= WHAT YOU WILL DO =
From the data below, repeat everything exactly except the images.

(AVAILABLE DATA begins)

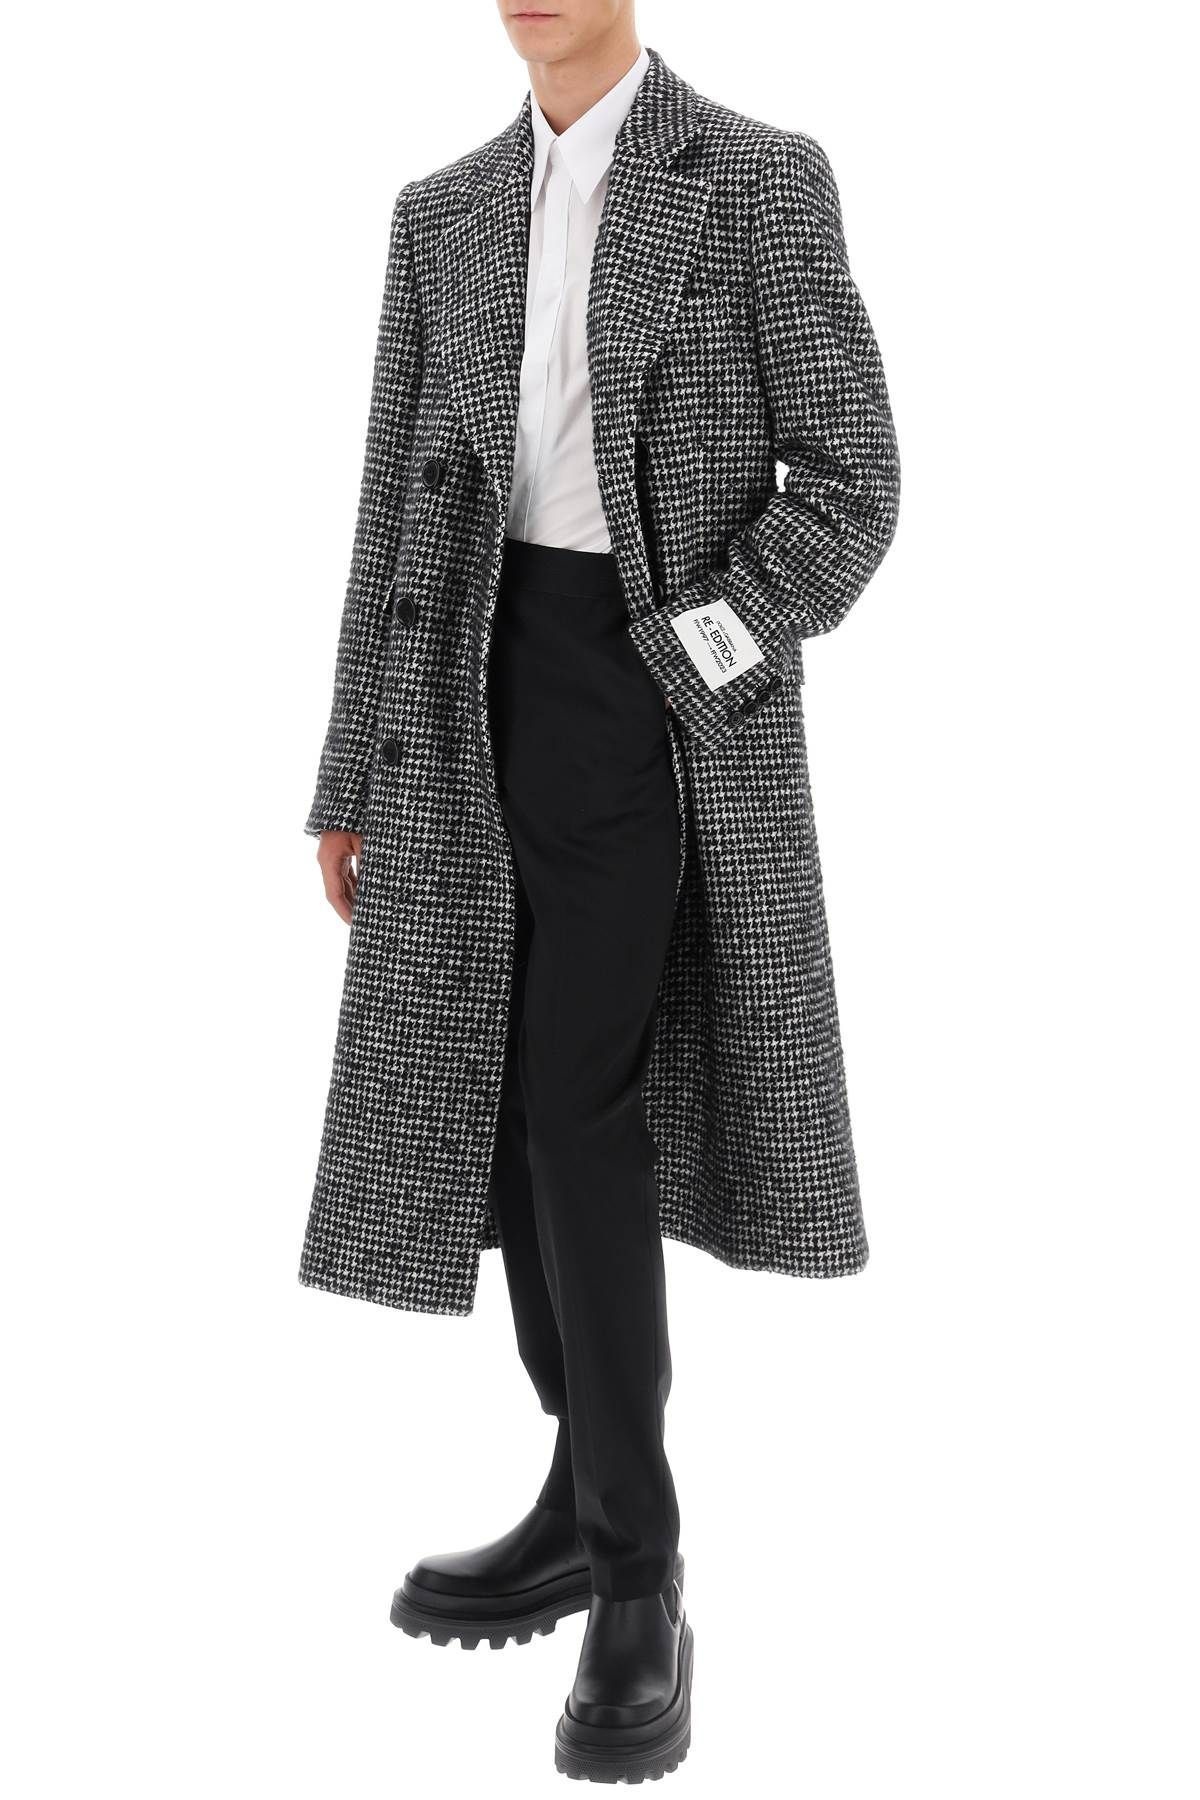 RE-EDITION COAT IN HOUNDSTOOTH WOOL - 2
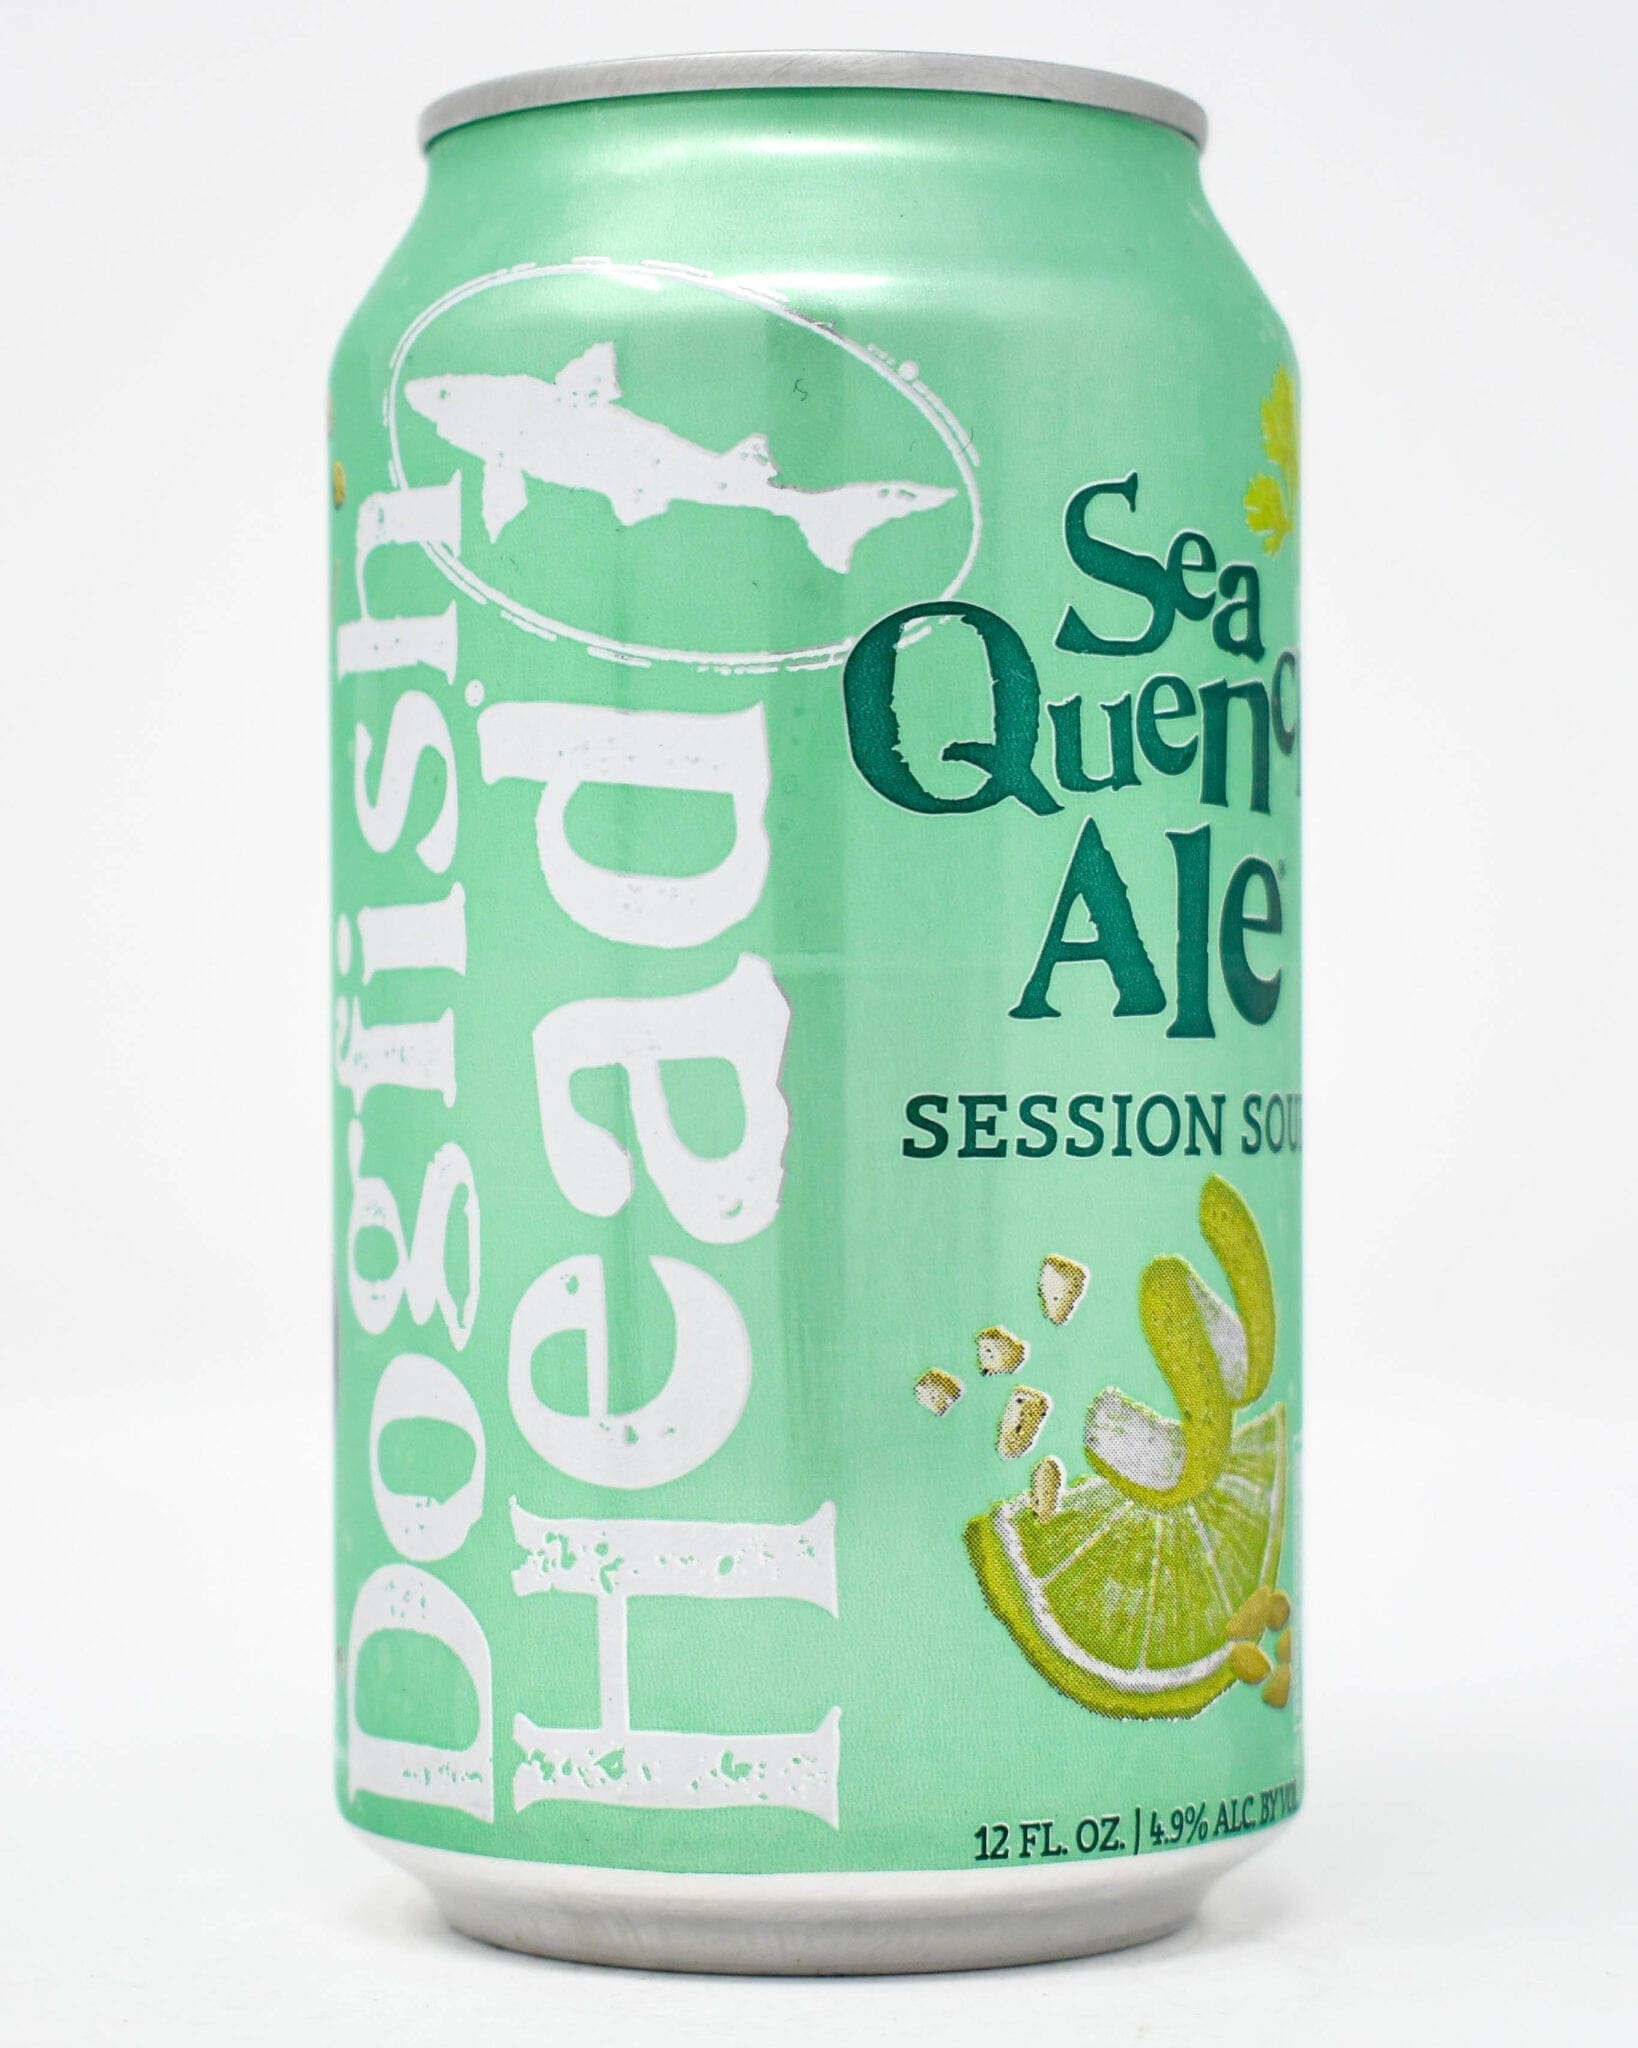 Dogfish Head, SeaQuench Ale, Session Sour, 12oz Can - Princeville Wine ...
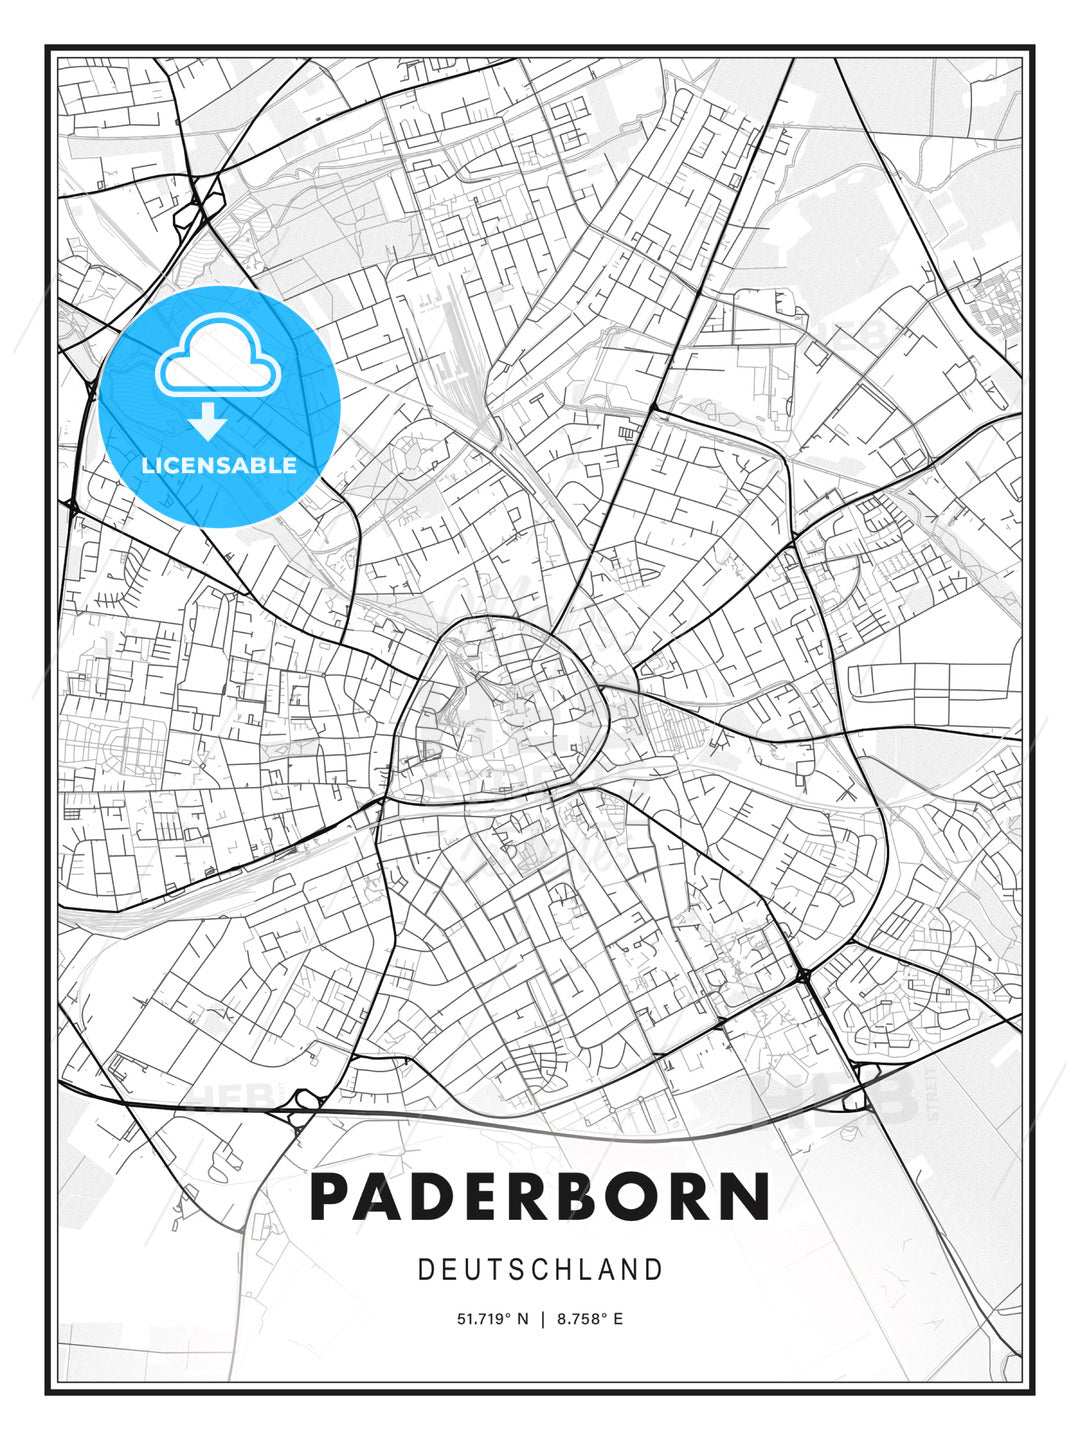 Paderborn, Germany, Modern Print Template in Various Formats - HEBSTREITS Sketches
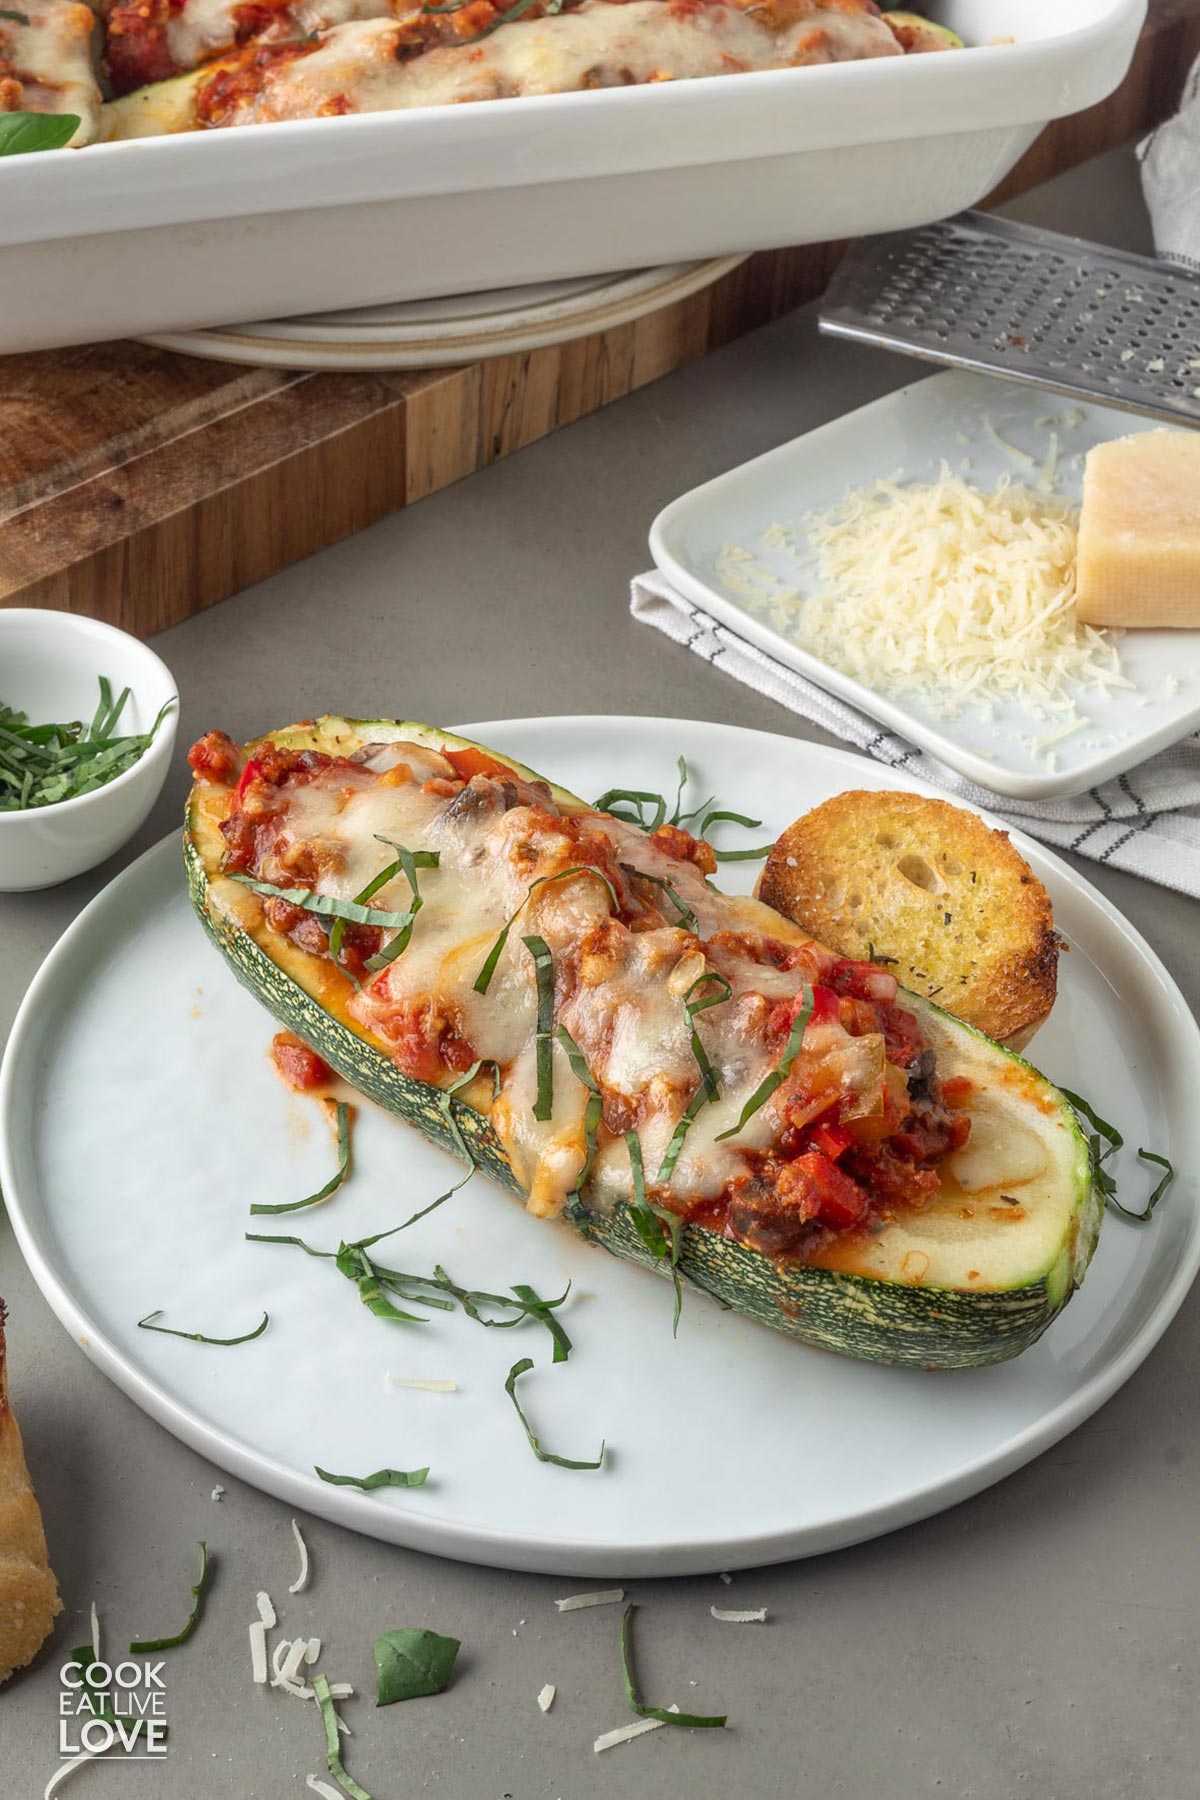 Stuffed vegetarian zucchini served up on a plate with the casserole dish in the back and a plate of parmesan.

(AVAILABLE DATA ends)

= RESULT =
 RE-EDITION COAT IN HOUNDSTOOTH WOOL - 2
 Dogfish Head, SeaQuench Ale, Session Sour, 12oz Can - Princeville Wine ...
 Paderborn, Germany, Modern Print Template in Various Formats - HEBSTREITS Sketches
 Stuffed vegetarian zucchini served up on a plate with the casserole dish in the back and a plate of parmesan.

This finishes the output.